With the images removed, write out every line below exactly.
━━━━━ DATA BELOW ━━━━━
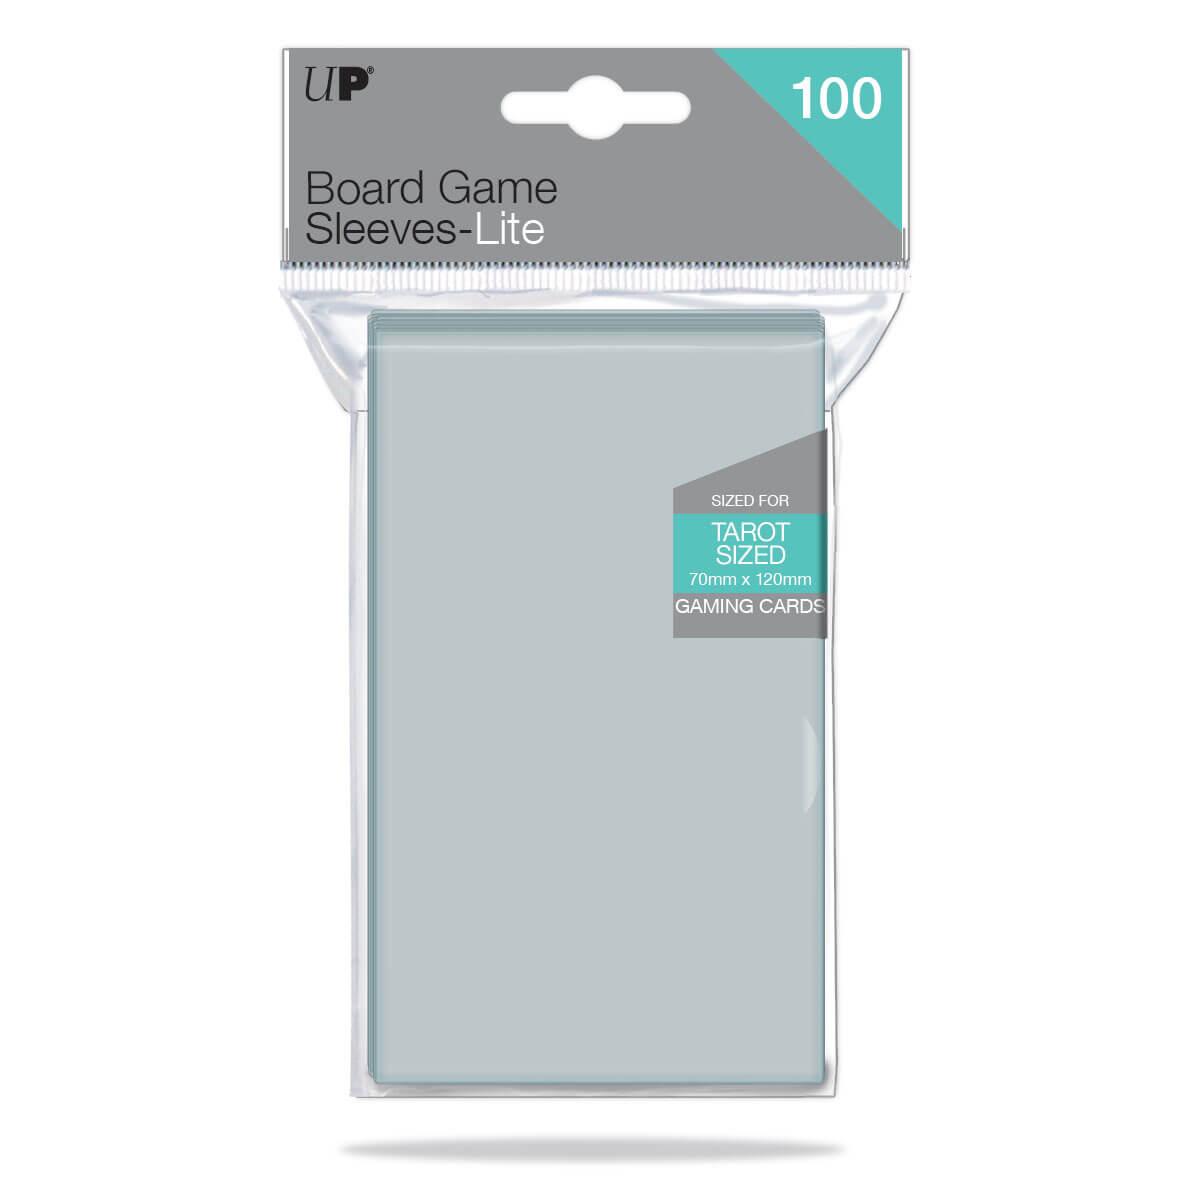 Lite Board Game Tarot Sleeves 70mm x 120mm 100ct
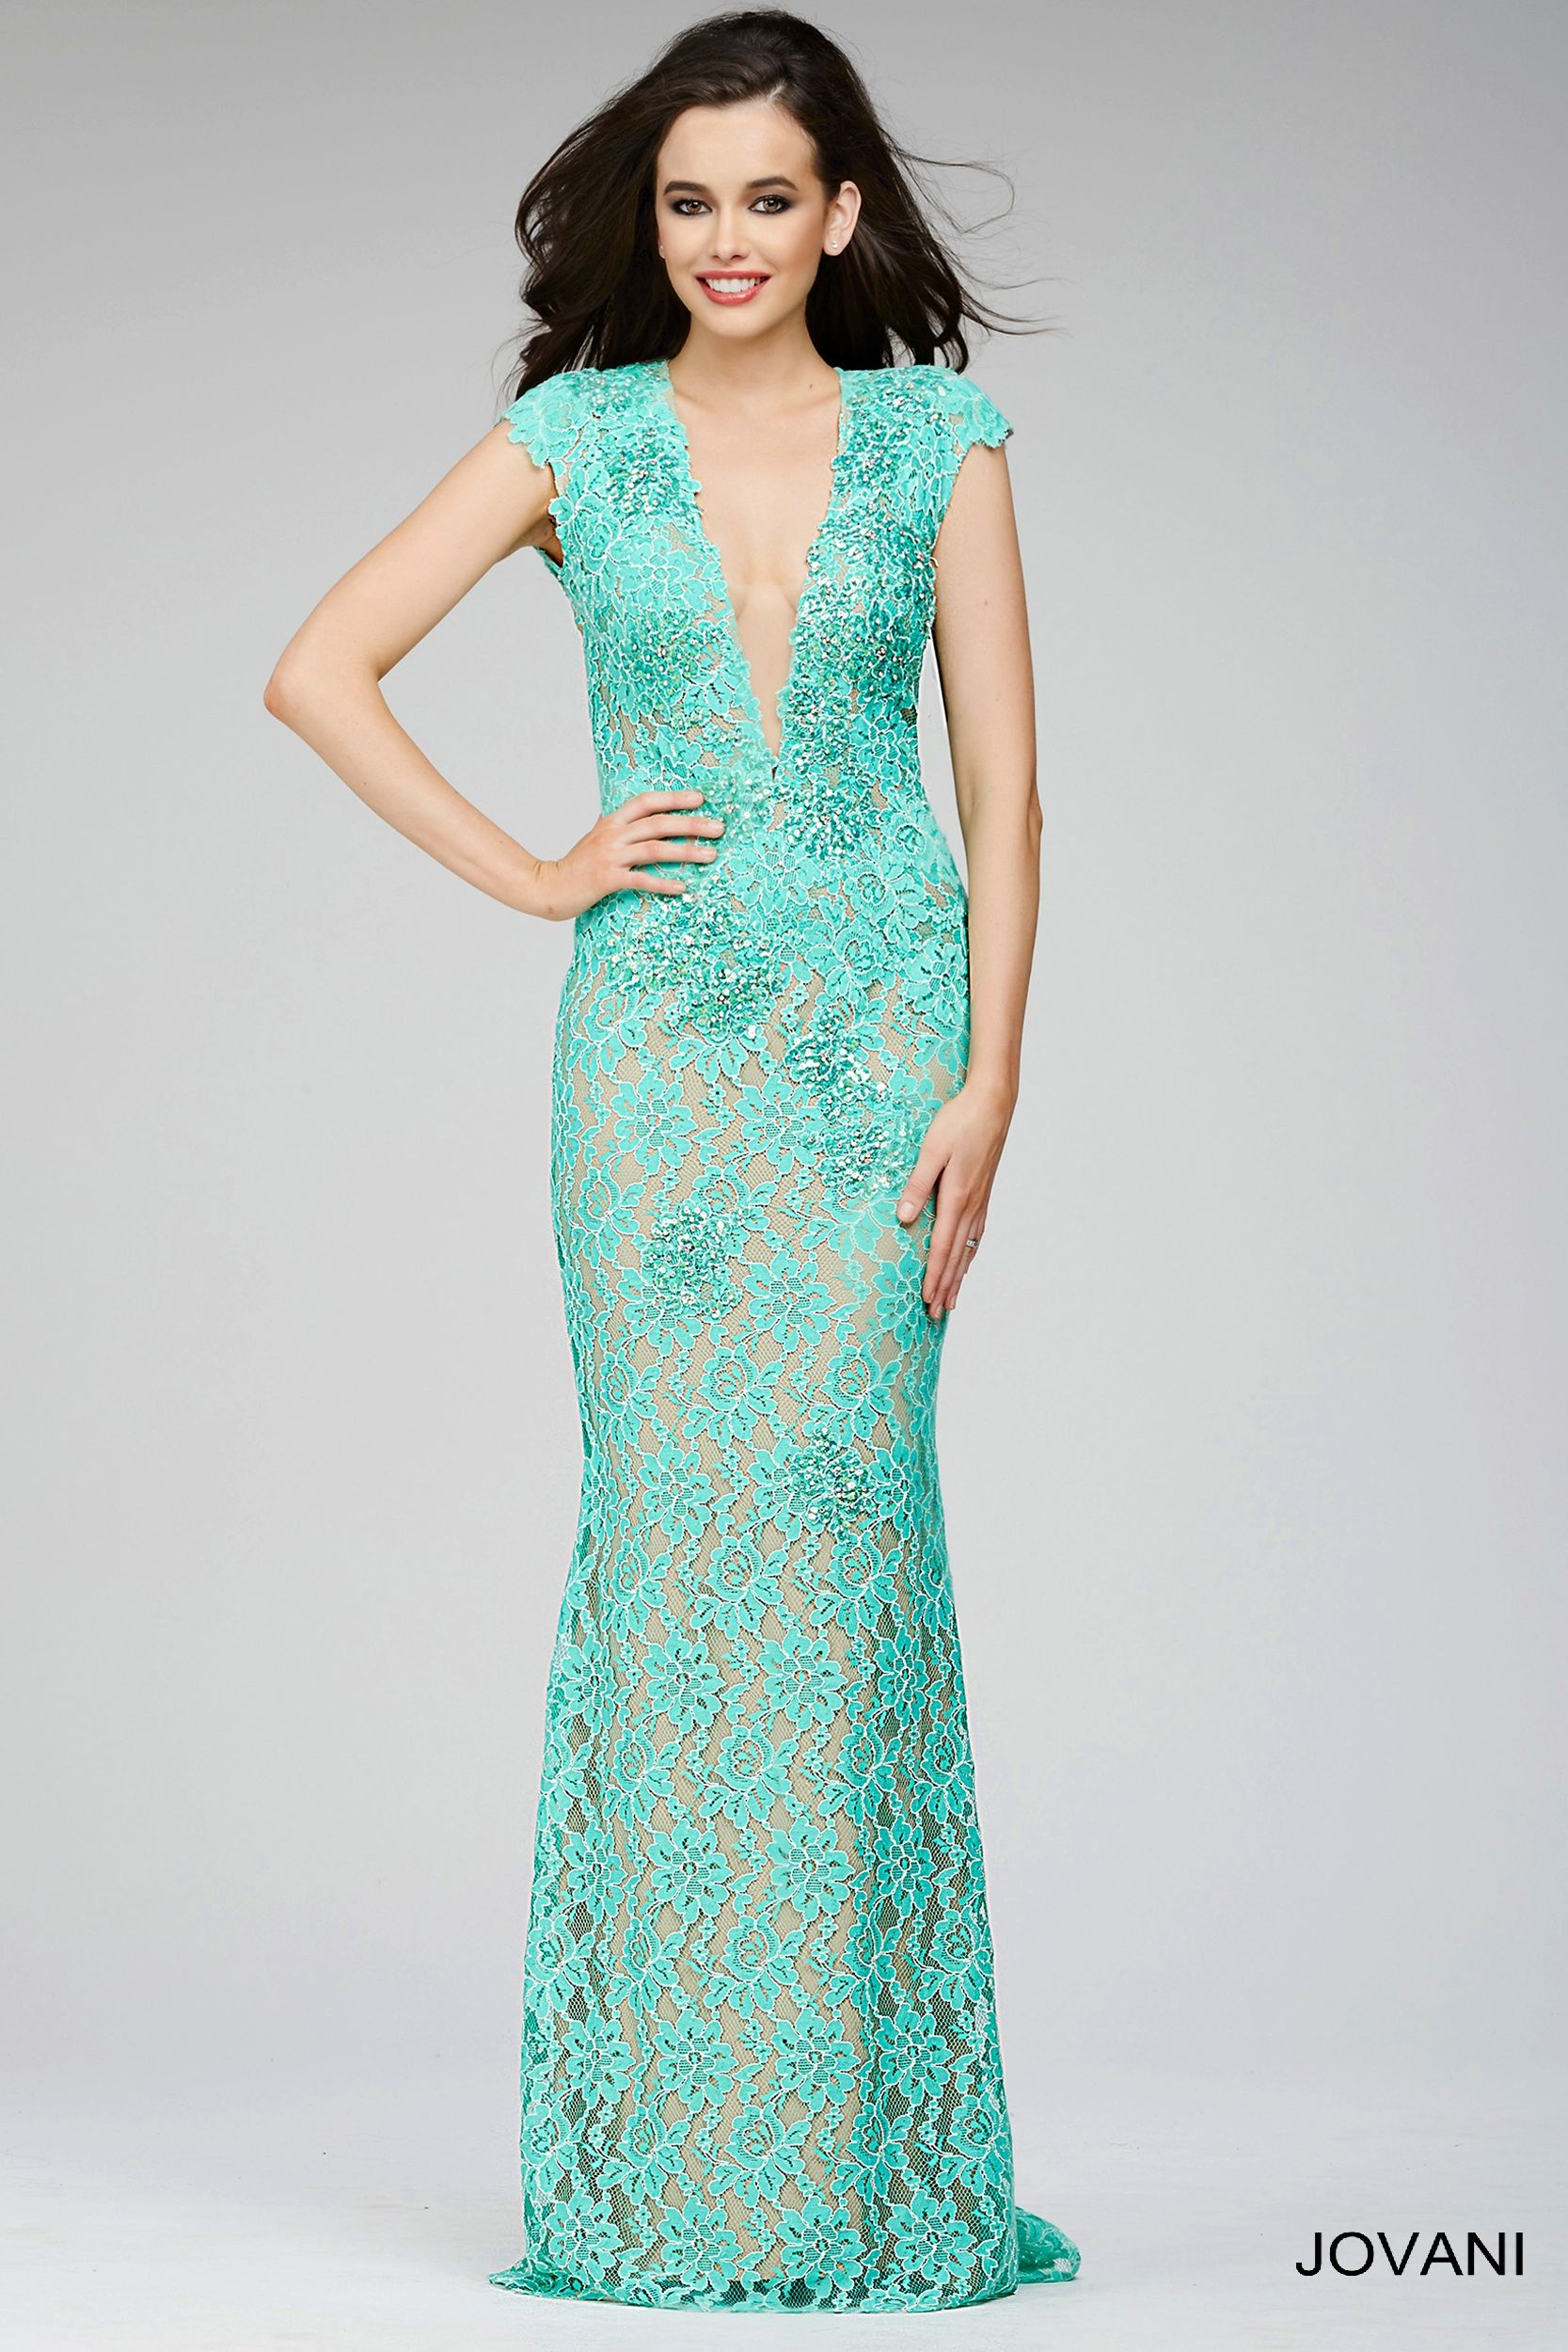 Evening dress 26342 | Prom dresses long | Pinterest | Prom, Calming ...
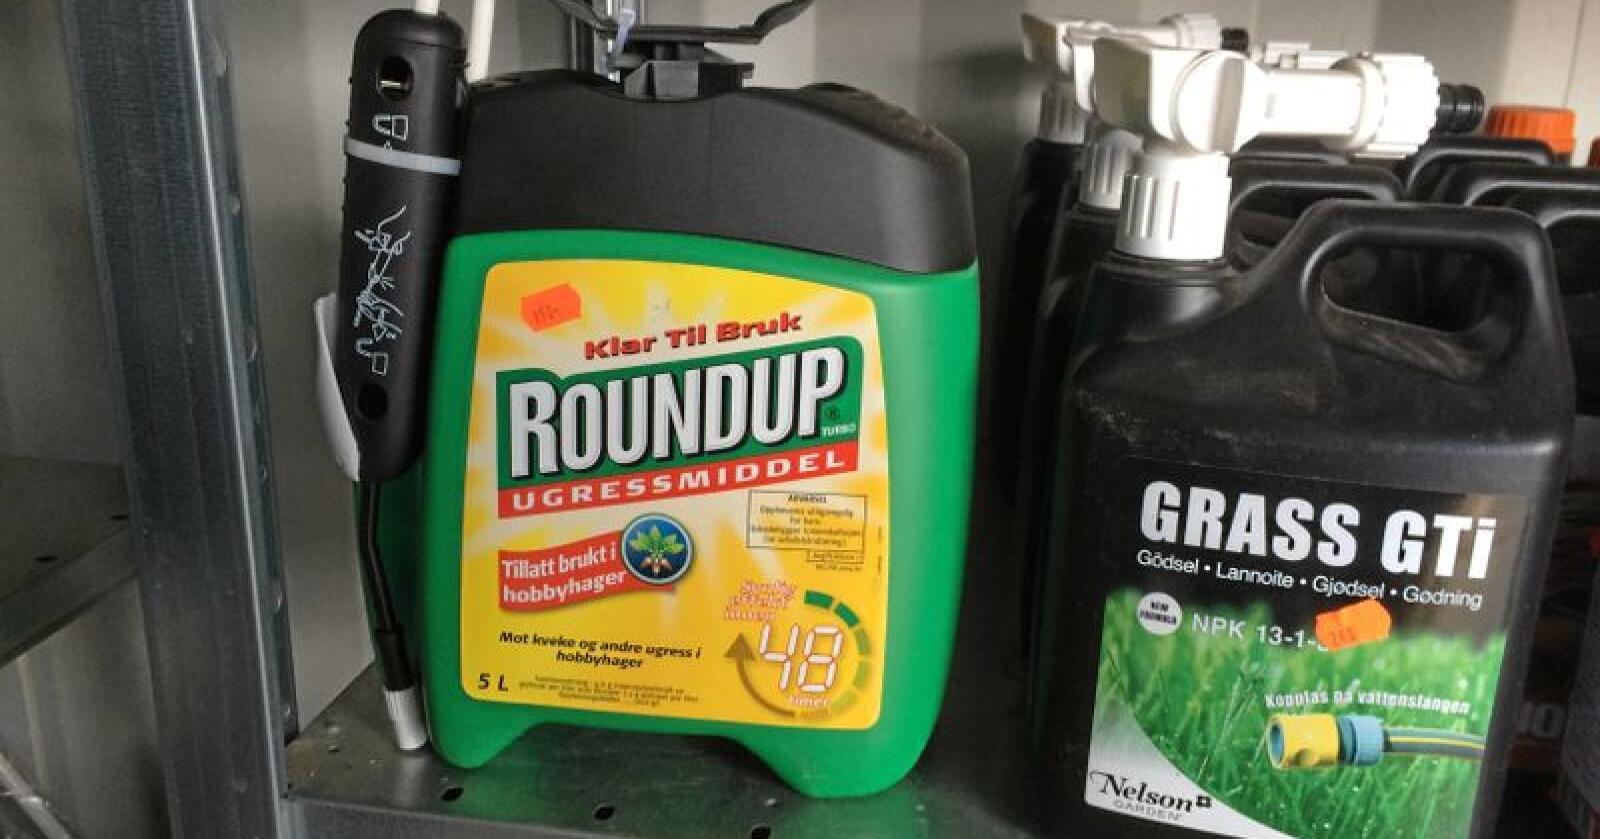 Selskapet Bayer eleverer flere former for ugressmiddel, blant annet Roundup. Foto: Svein Egil Hatlevik
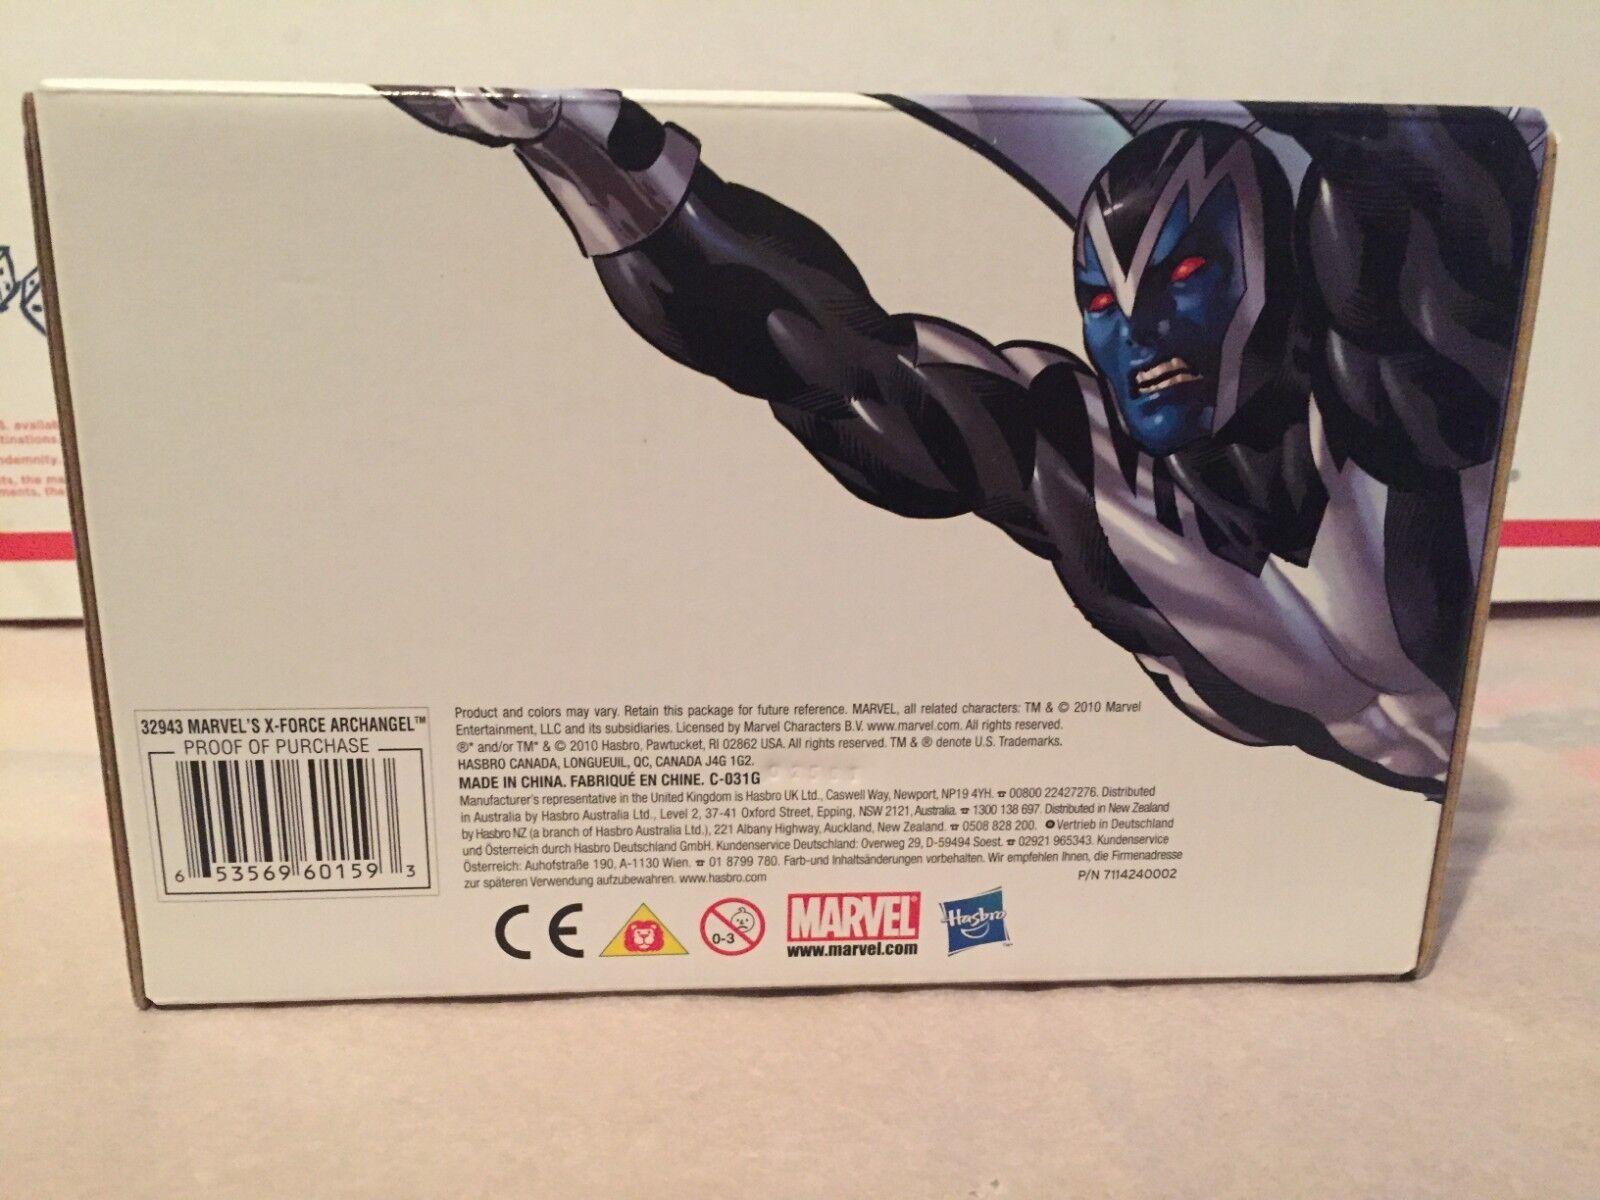 Hasbro 2010 nycc exklusive marvel - universum x - force erzengel variante misb
━━━━━
EXERCISE RESULT:
 Lite Board Game Tarot Sleeves 70mm x 120mm 100ct
 Evening dress 26342 | Prom dresses long | Pinterest | Prom, Calming ...
 Selskapet Bayer eleverer flere former for ugressmiddel, blant annet Roundup. Foto: Svein Egil Hatlevik
 Hasbro 2010 nycc exklusive marvel - universum x - force erzengel variante misb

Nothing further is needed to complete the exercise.